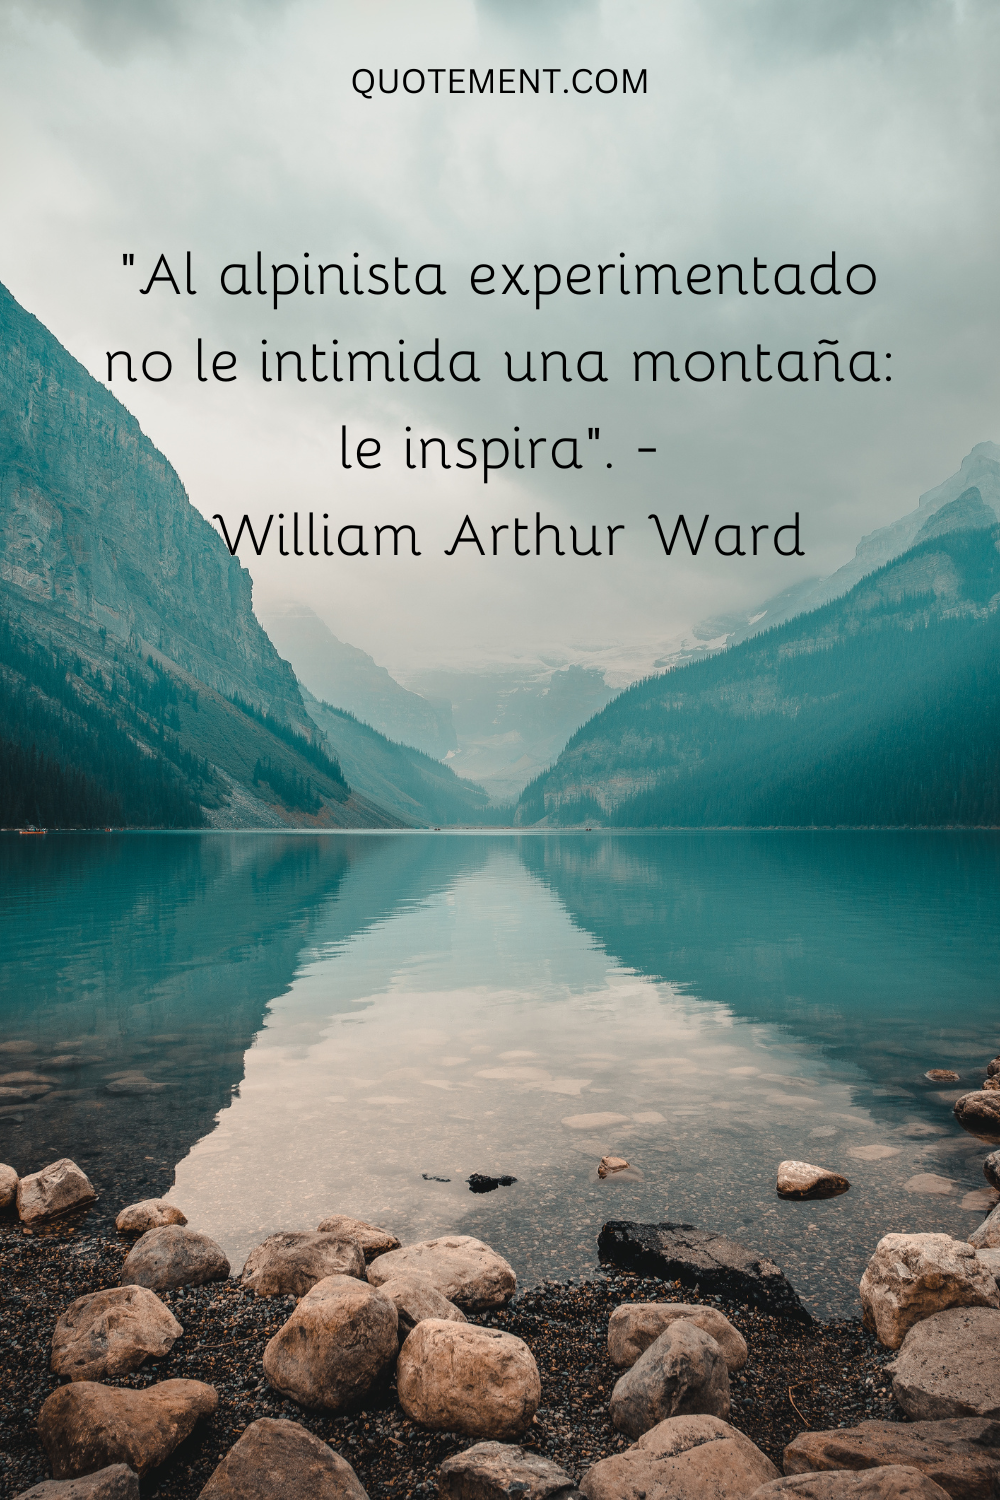 "Al alpinista experimentado no le intimida una montaña: le inspira". - William Arthur Ward
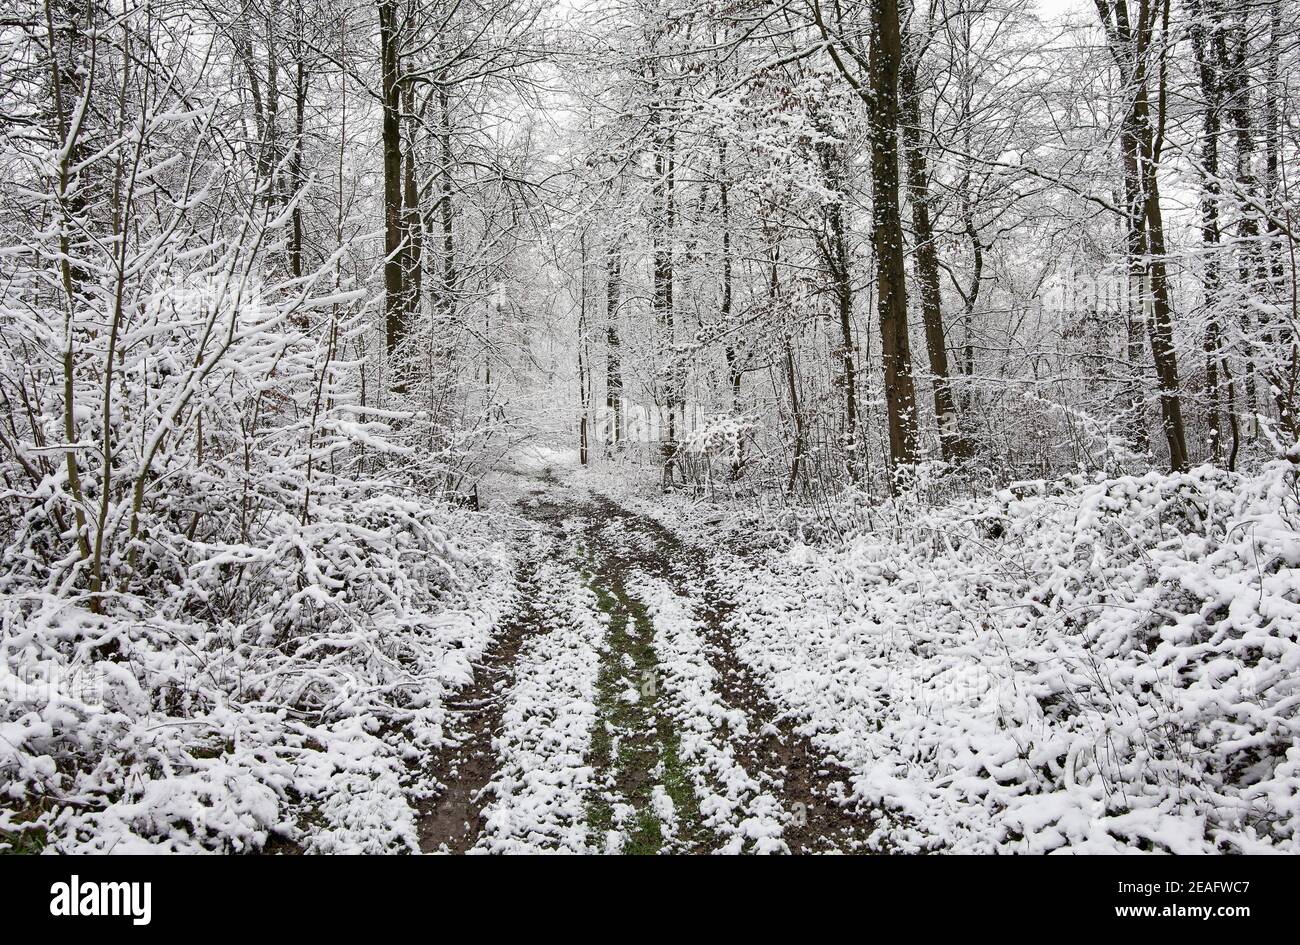 Sentiero che conduce attraverso la foresta innevata con alberi innevati in inverno freddo. Foto Stock
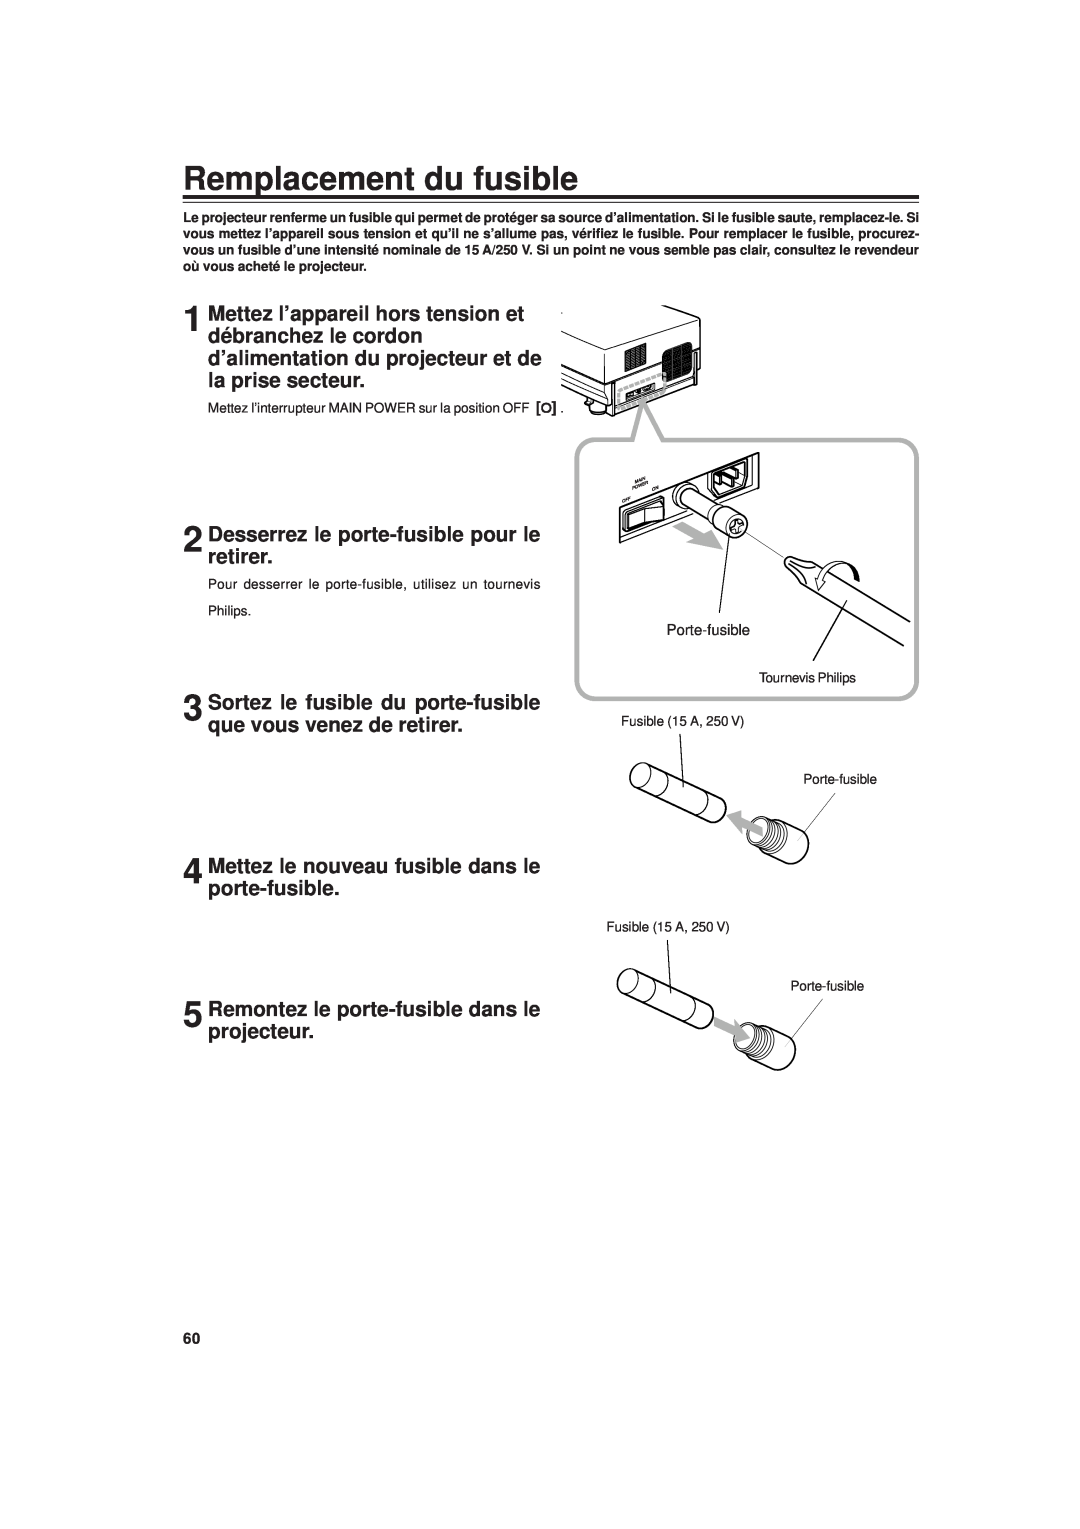 JVC DLA-G20U manual Remplacement du fusible, Sortez le fusible du porte-fusible que vous venez de retirer 
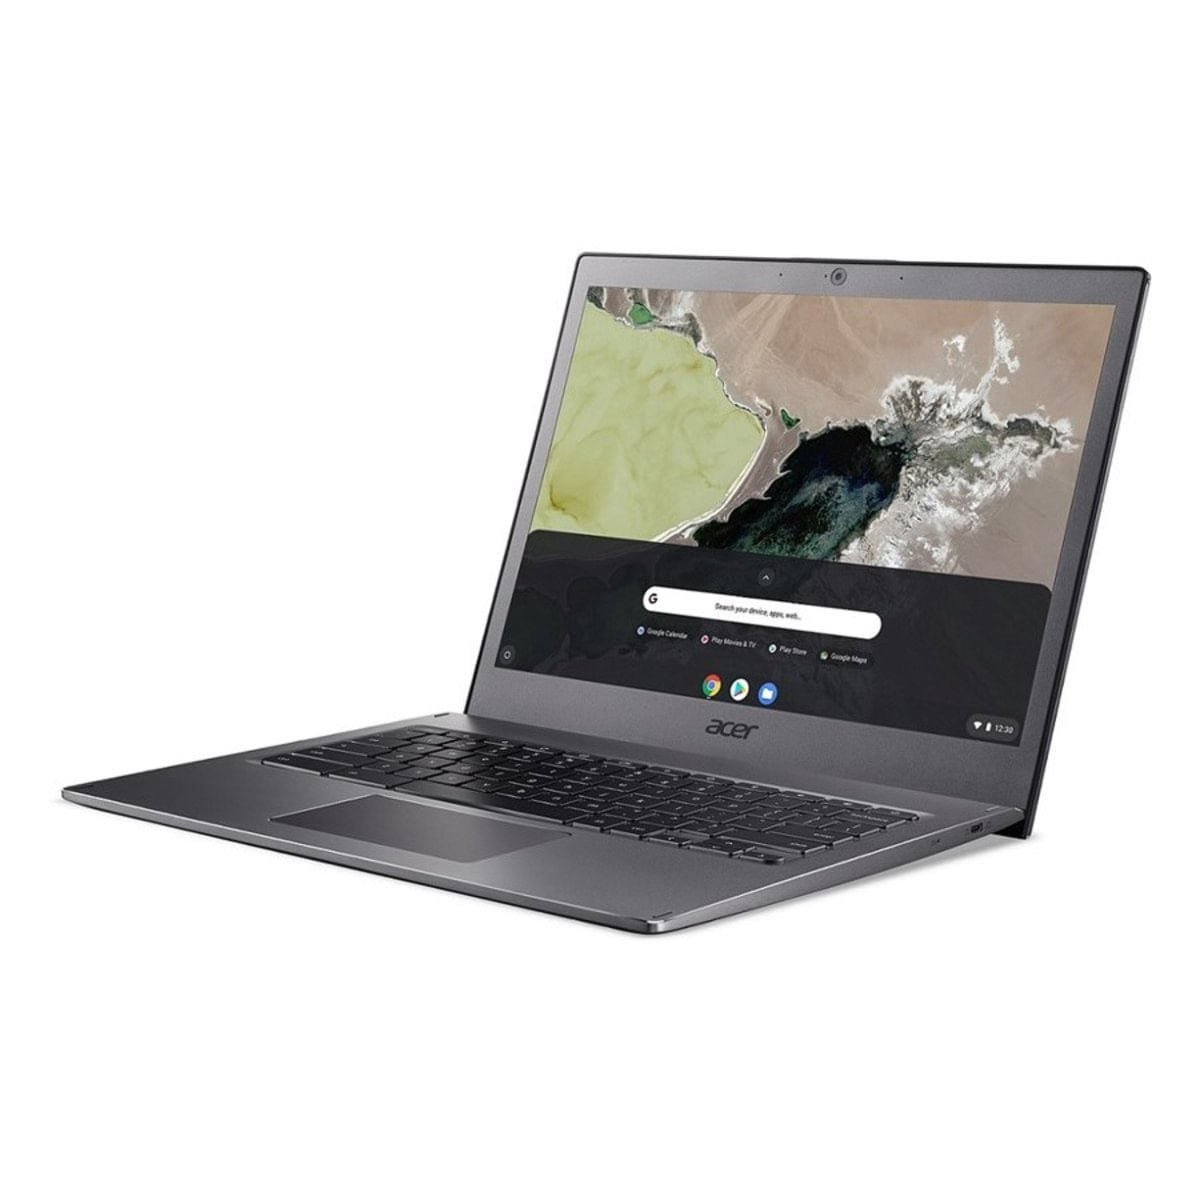 Notebook - Acer Cb713-1w-56vy I5-8250u 3.40ghz 8gb 64gb Padrão Intel Hd Graphics 520 Google Chrome os Chromebook 13,5

## Work task
In your copy of the listing above, reproduce each line exactly and omit all pictures.

## Exercise response
 "Al alpinista experimentado no le intimida una montaña: le inspira". - William Arthur Ward
 Sentiero che conduce attraverso la foresta innevata con alberi innevati in inverno freddo. Foto Stock
 JVC DLA-G20U manual Remplacement du fusible, Sortez le fusible du porte-fusible que vous venez de retirer 
 Notebook - Acer Cb713-1w-56vy I5-8250u 3.40ghz 8gb 64gb Padrão Intel Hd Graphics 520 Google Chrome os Chromebook 13,5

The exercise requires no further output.